# Algae eaters and live plants



## Guppies (Jan 23, 2013)

Ok so I don't have mone for a filter right now so i was wondering....

If i just got some algae eaters and a live plant or two would i be able to just have the tank like that until i have the money for a filter and heater?


----------



## Vayurules (Dec 7, 2012)

It would be better to buy a filter, but if you could get a healthy population if plants, that would work alongside a simple filter setup, but it takes a while to start a population.
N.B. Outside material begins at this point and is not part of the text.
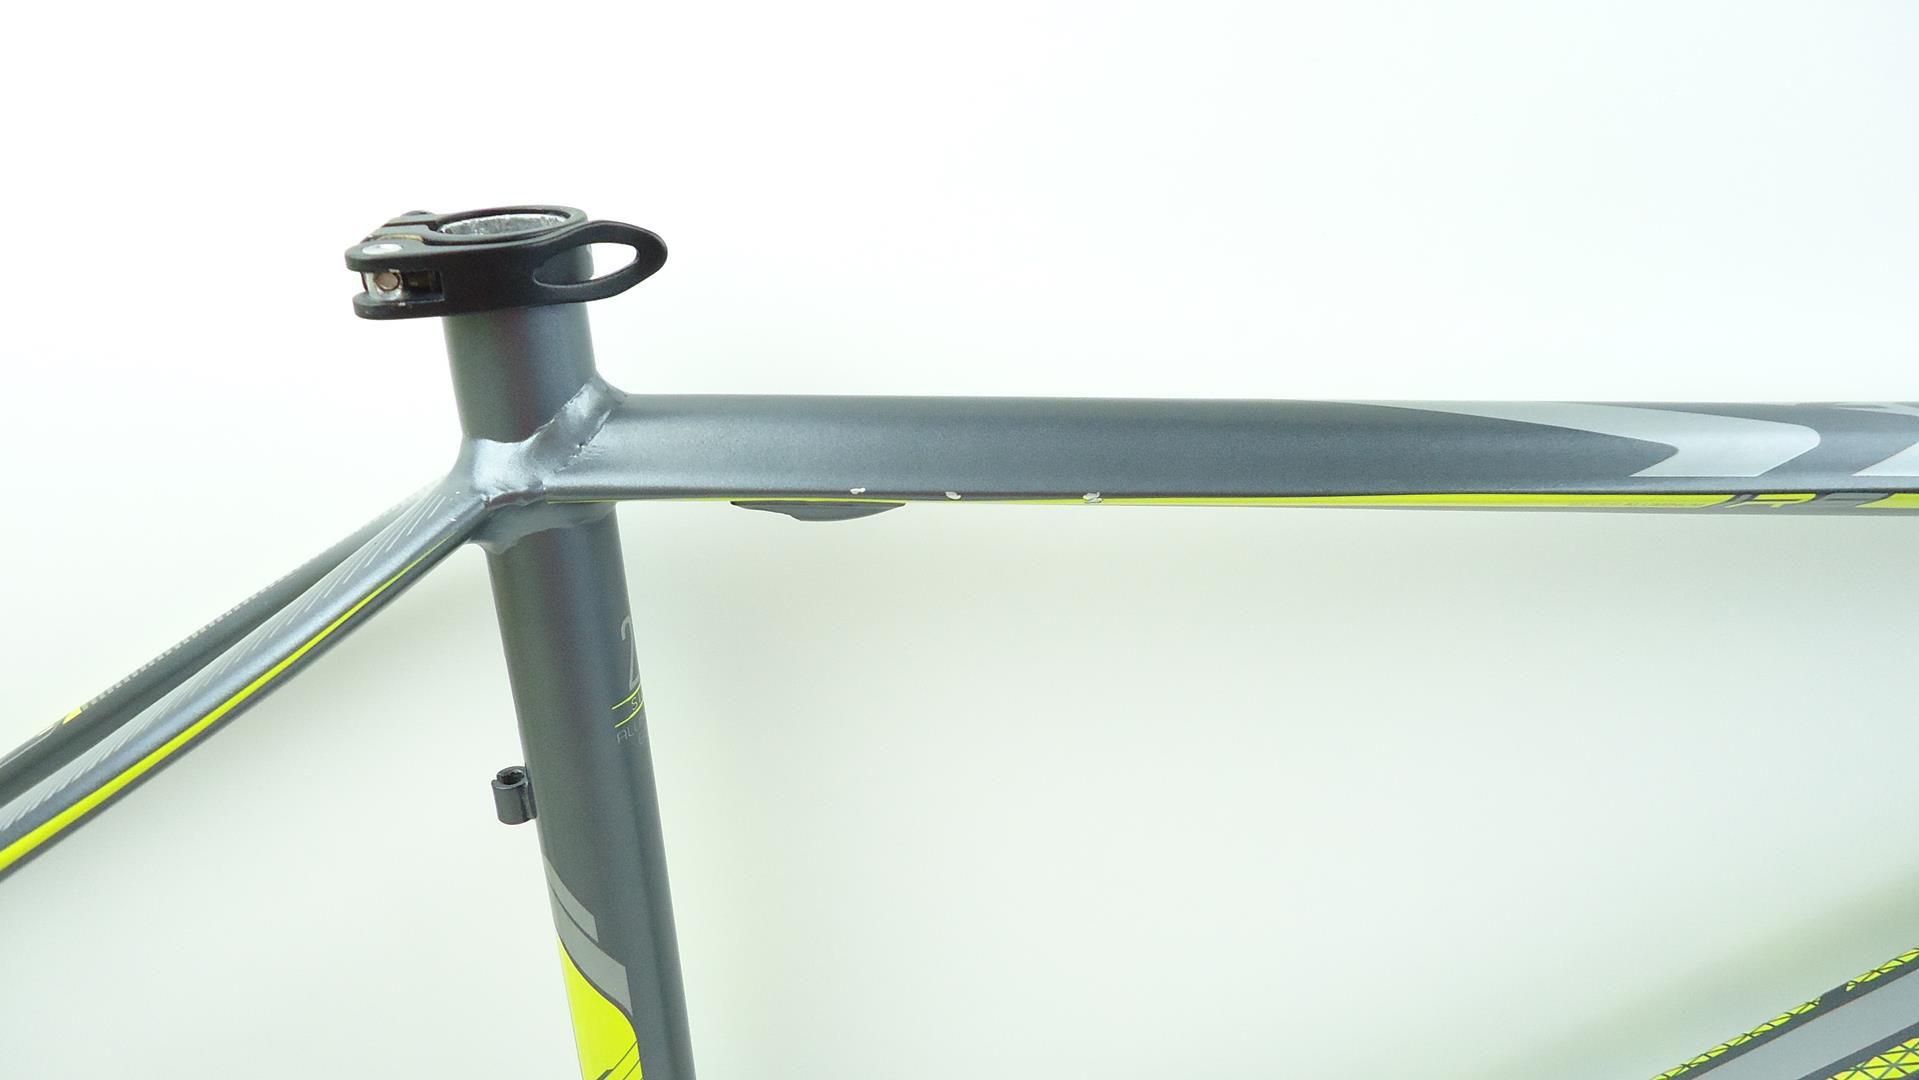 Quadro Bicicleta Mtb First Athymus Aro 29 Tamanho 21 em Aluminio Cinza Amarelo Fosco - USADO
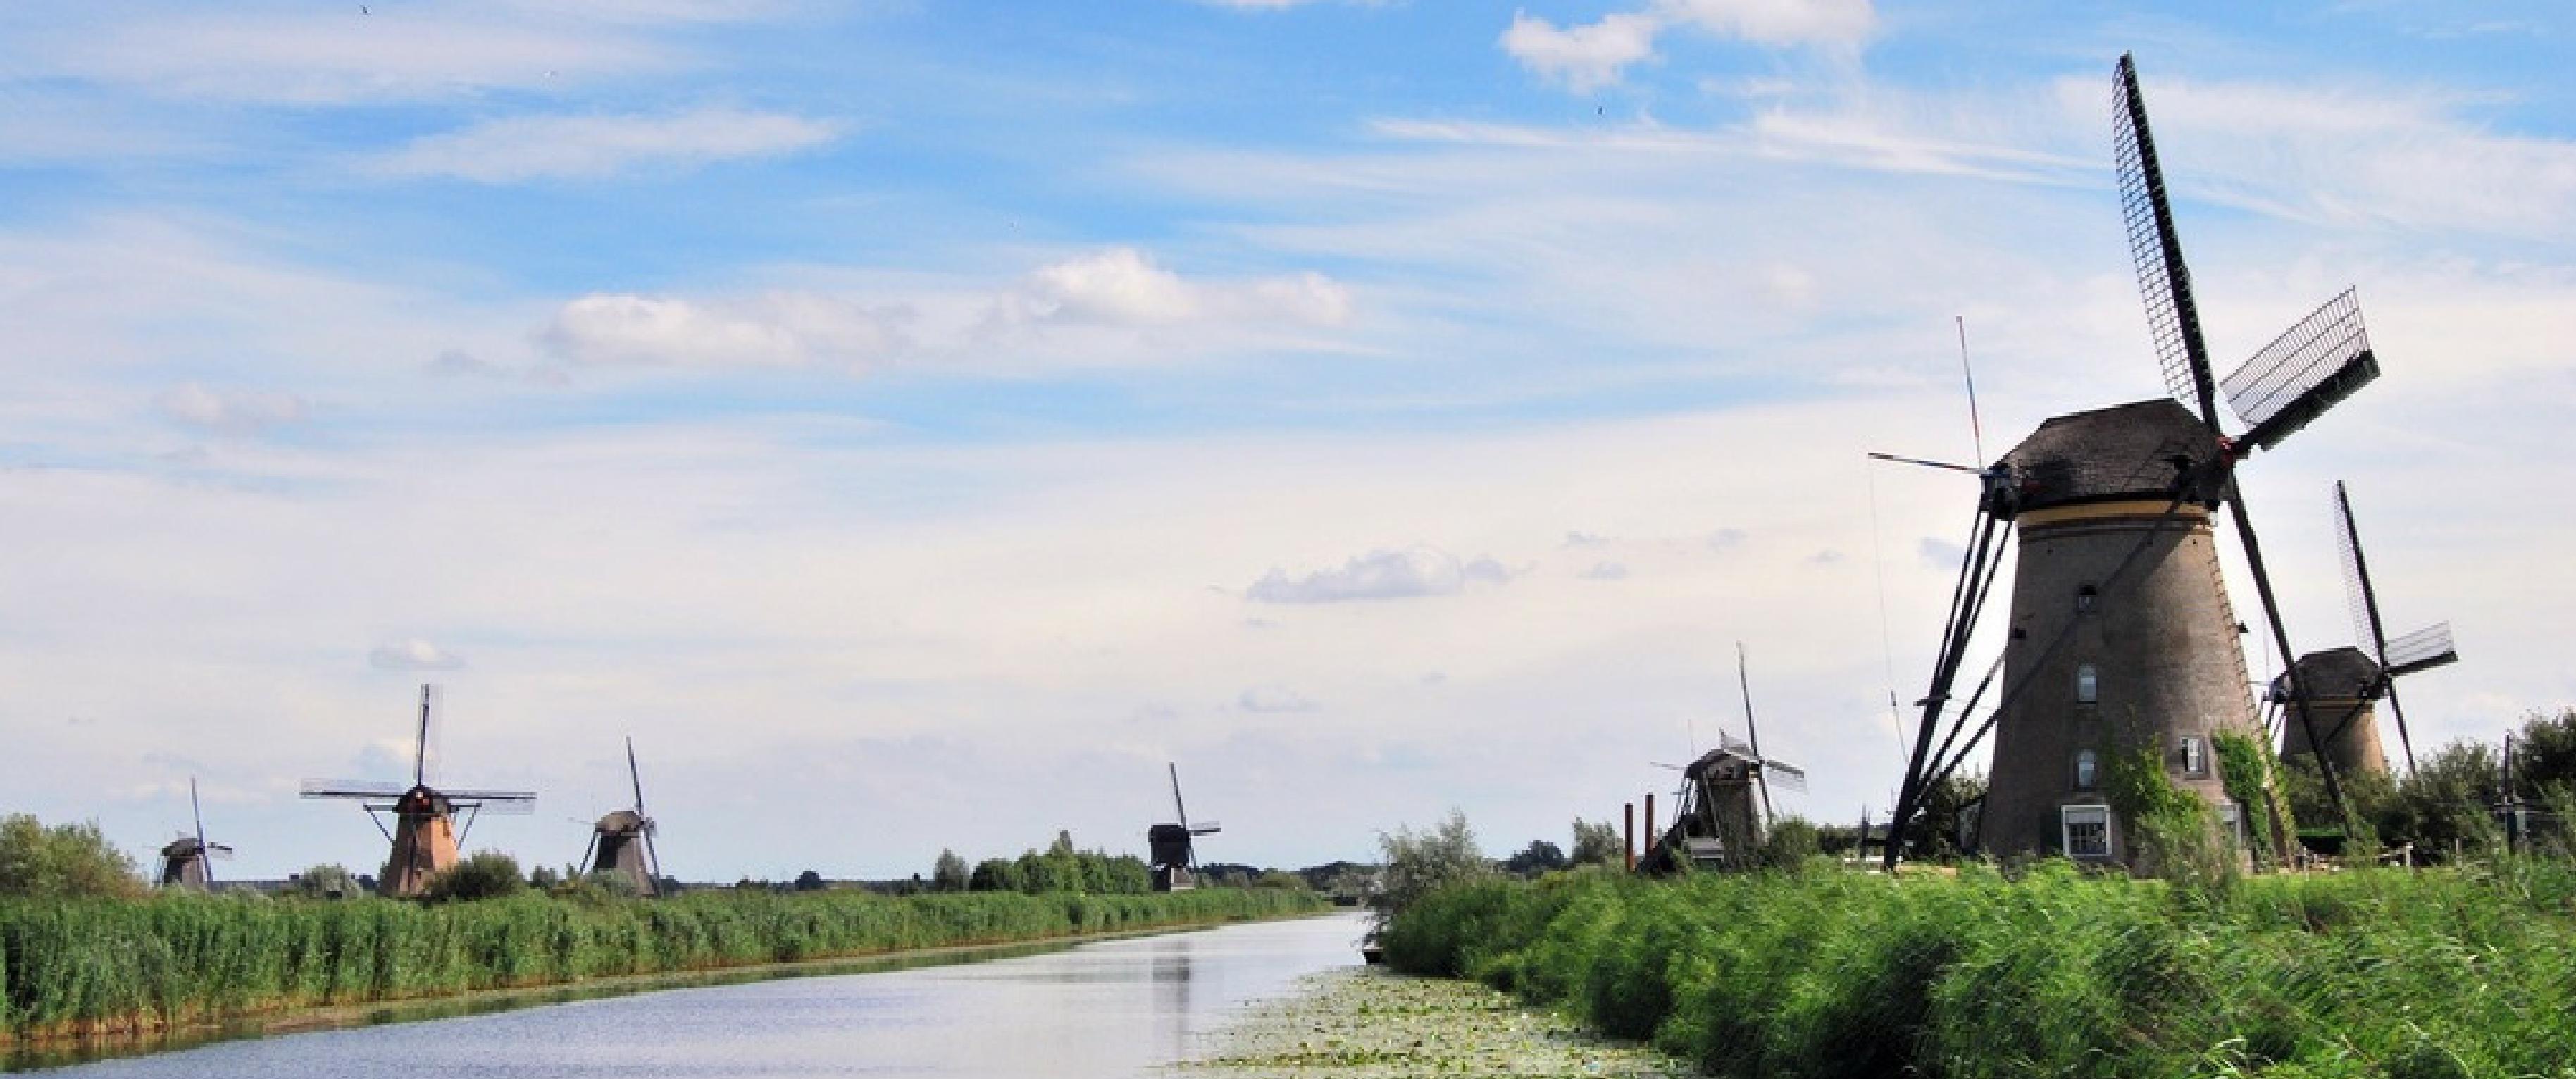 Unesco in the Netherlands

What size tank and what's your budget as of right now?


Sent from Petguide.com Free App


----------



## Guppies (Jan 23, 2013)

i'm pretty sure the tank is 30 gallon and i have 5- dollars at the moment and the tank only has gravel and water ( 1/2 full de-chlorinated) and 1 clam just no fish or plants yet.


----------



## lohachata (Jan 27, 2006)

something to think about with plants.....plants do produce oxygen ; but only when the lights are on.......when the lights are off they " use " oxygen...


----------



## graceful.04 (Oct 30, 2012)

I have no clue about filters but for most fish you really do need a heater


----------



## dereklawler (Mar 4, 2013)

The most effective way of using algae eaters to help you keep algae low in your tank is to add different types of algae eaters, because not all eat the same algae, nor from the same type of surface.


----------



## emc7 (Jul 23, 2005)

No filter, keep the fish load as low as possible, don't add algae-eaters. Algae poop is future ammonia just like fish-food-fed poop.


----------